For 4 complex multiplies (of 2 pairs of input vectors), my code uses:

- 4 loads (32B each)
- 2 stores (32B each)
- 6 in-lane shuffles (one for each input vector, one for each output)
- 2 VMULPD
- 2 VFMA...something
- (only 4 shuffles if we can use the results in separated real and imag vectors, or 0 shuffles if the inputs are already in this format, too)
- latency on Intel Skylake (not counting loads/stores): 14 cycles = 4c for 4 shuffles until the second VMULPD can start + 4 cycles (second VMULPD) + 4c (second vfmadd231pd) + 1c (shuffle first result vector ready 1c earlier) + 1c (shuffle second result vector)

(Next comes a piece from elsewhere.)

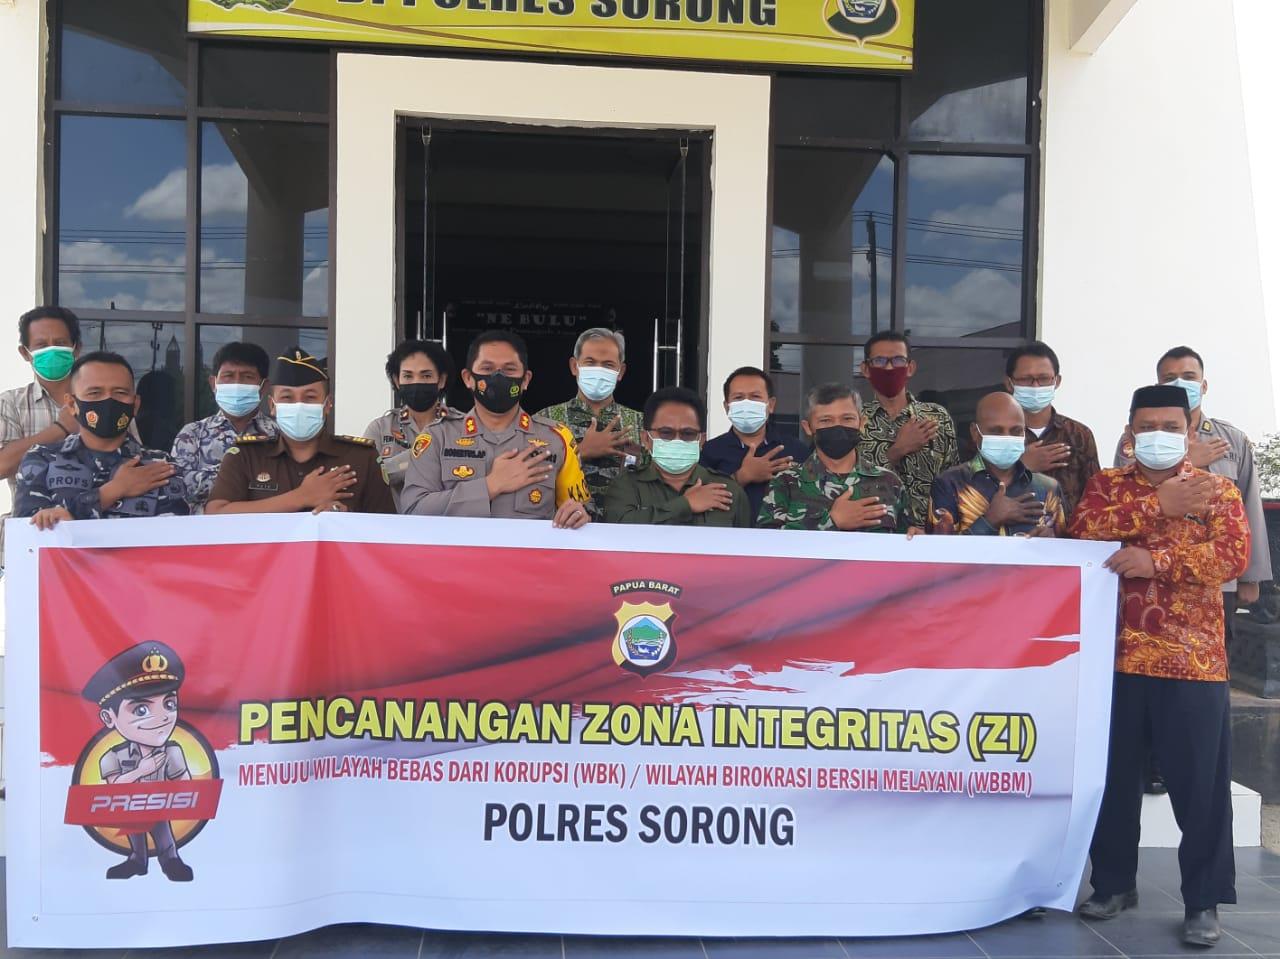 Polres Sorong Gelar Kegiatan Deklarasi Pencanangan Zona Integritas (ZI) Menuju Wilayah Bebas Korupsi (WBK)

Matt Scarpino's code with my tweaks (repeated to do 4 complex multiplies) uses:

- the same 6 loads/stores
- 6 in-lane shuffles (HSUBPD is 2 shuffles and a subtract on current Intel and AMD CPUs)
- 4 multiplies
- 2 subtracts (which can't combine with the muls into FMAs)
- An extra instruction (+ a constant) to flip the sign of the imaginary elements. Matt chose to multiply by 1.0 or -1.0, but the efficient choice is to XOR the sign bit (i.e. XORPD with
`-0.0`

). - latency on Intel Skylake for the first result vector: 11 cycles. 1c(vpermilpd and vxorpd in the same cycle) + 4c(second vmulpd) + 6c(vhsubpd). The first vmulpd overlaps with other ops, starting in the same cycle as the shuffle and vxorpd. Computation of a second result vector should interleave pretty nicely.

The major advantage of Matt's code is that it works with just one vector-width of complex multiplies at once, instead of requiring you to have 4 input vectors of data. It has somewhat lower latency. But note that my version doesn't need the 2 pairs of input vectors to be from contiguous memory, or related to each other at all. They get mixed together while processing, but the result is 2 separate 32B vectors.

My tweaked version of Matt's code is nearly as good (as the 4-at-a-time version) on CPUs without FMA (just costing an extra VXORPD), but significantly worse when it stops us from taking advantage of FMA. Also, it never has the results available in non-packed form, so you can't use the separated form as input to another multiply and skip the shuffling.